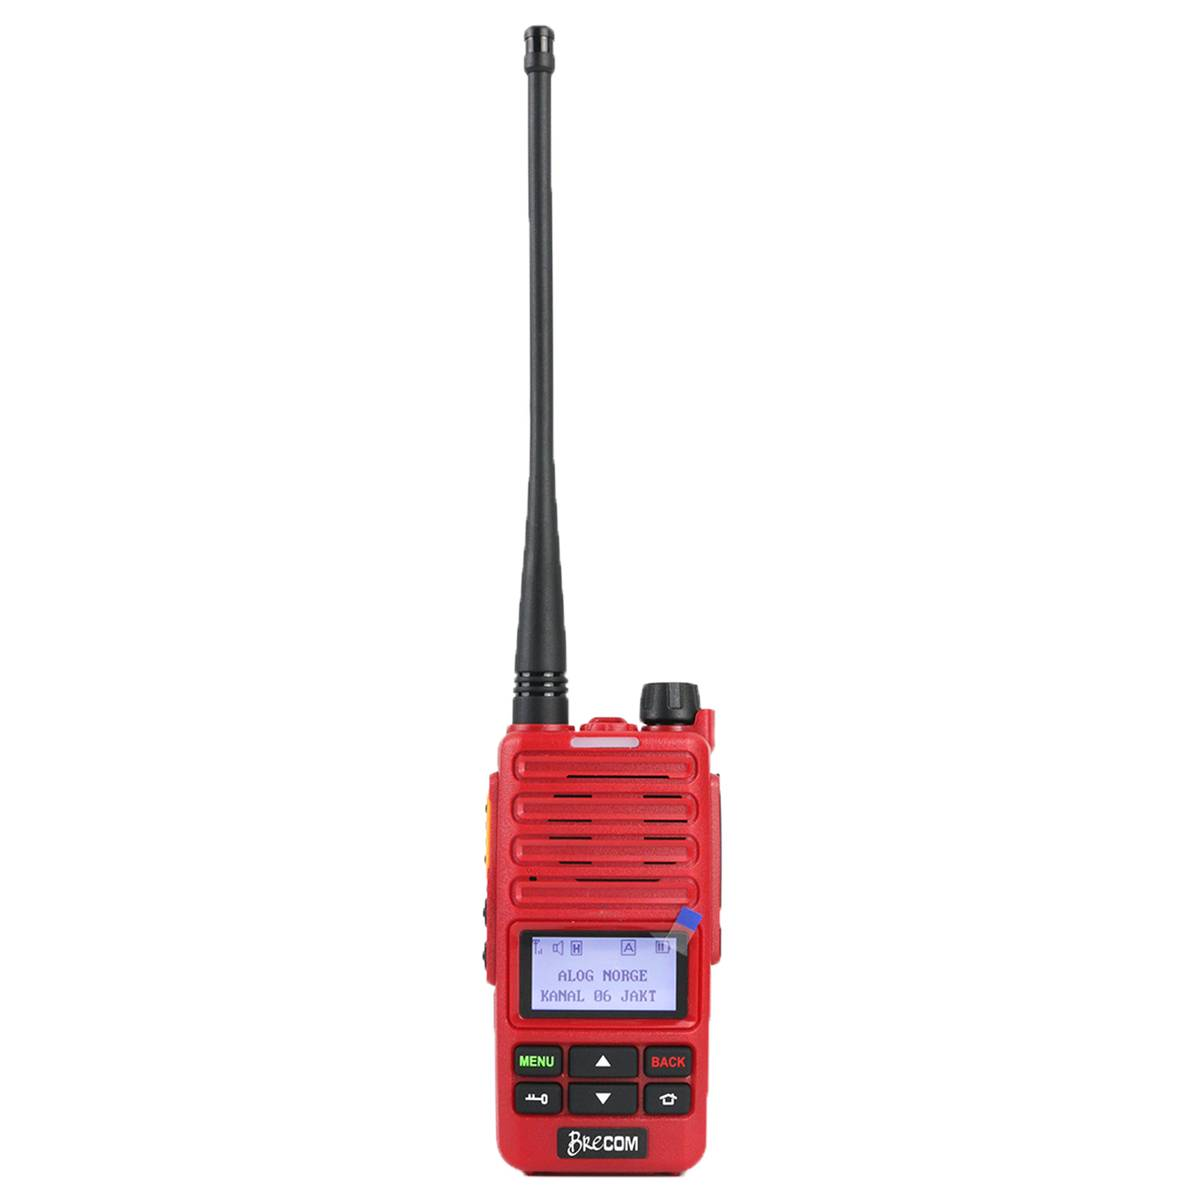 10070000- -Brecom VR-600D analog/digital radio DMR 138-174Mhz
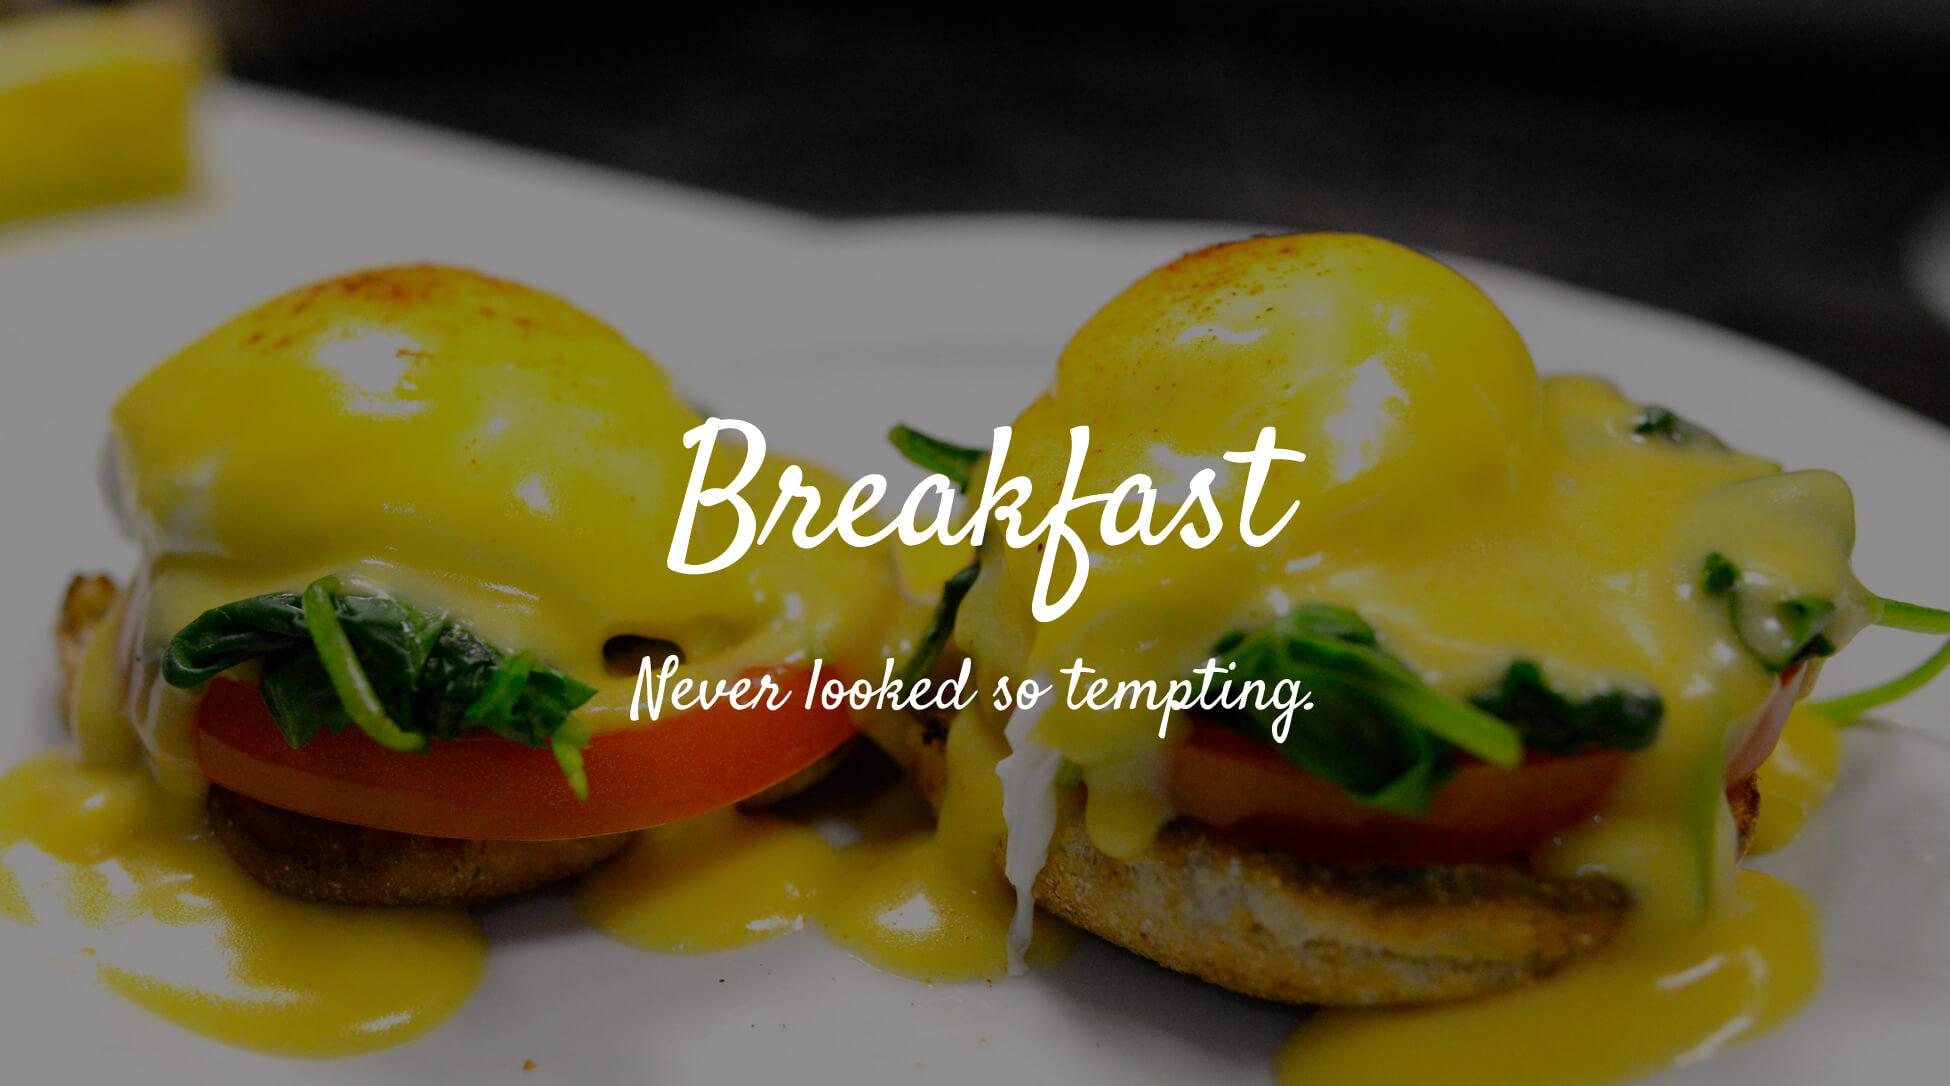 Naples Breakfast Cafe
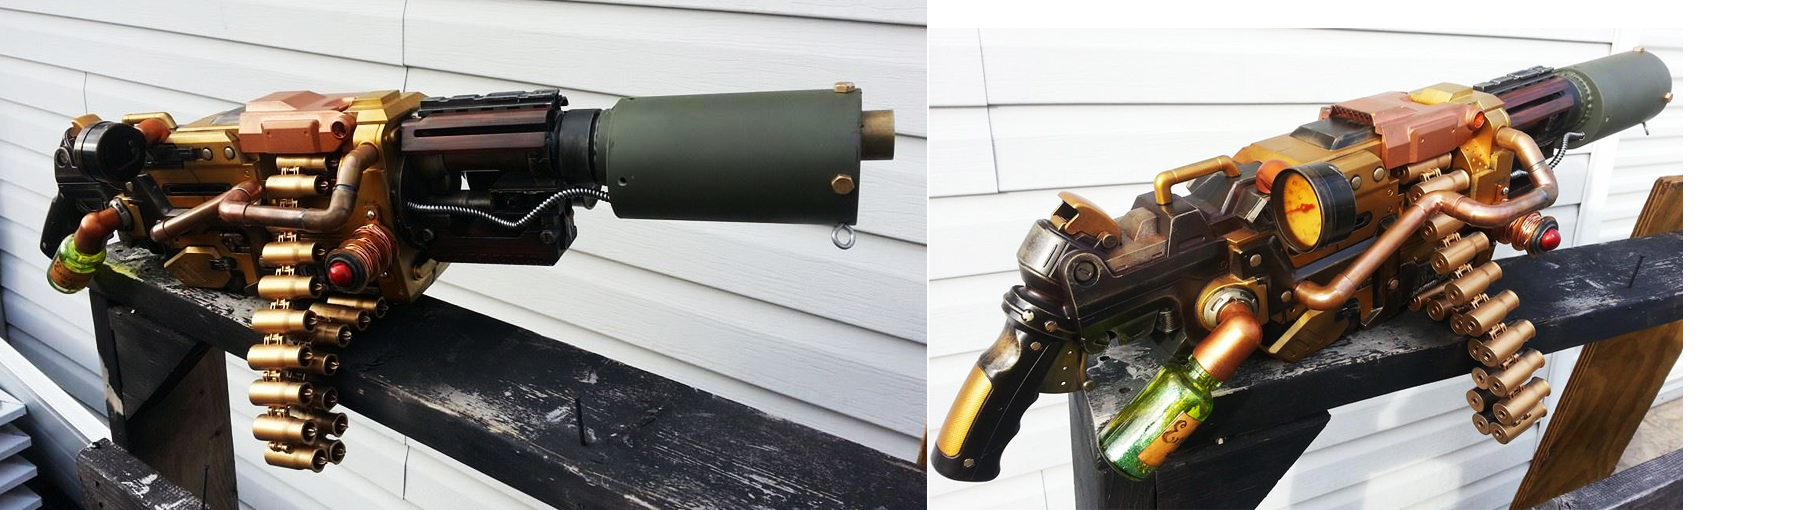 Steampunk Machine Gun Progress 2 by JohnsonArms

──────────────────────────────

*Prompt:* None of the pictures belong in the copy. Write out exactly the lines from the line that holds "Naples Breakfast Cafe" through the last line of the listing above, both ends included.

*Solution:*
 Naples Breakfast Cafe
 Steampunk Machine Gun Progress 2 by JohnsonArms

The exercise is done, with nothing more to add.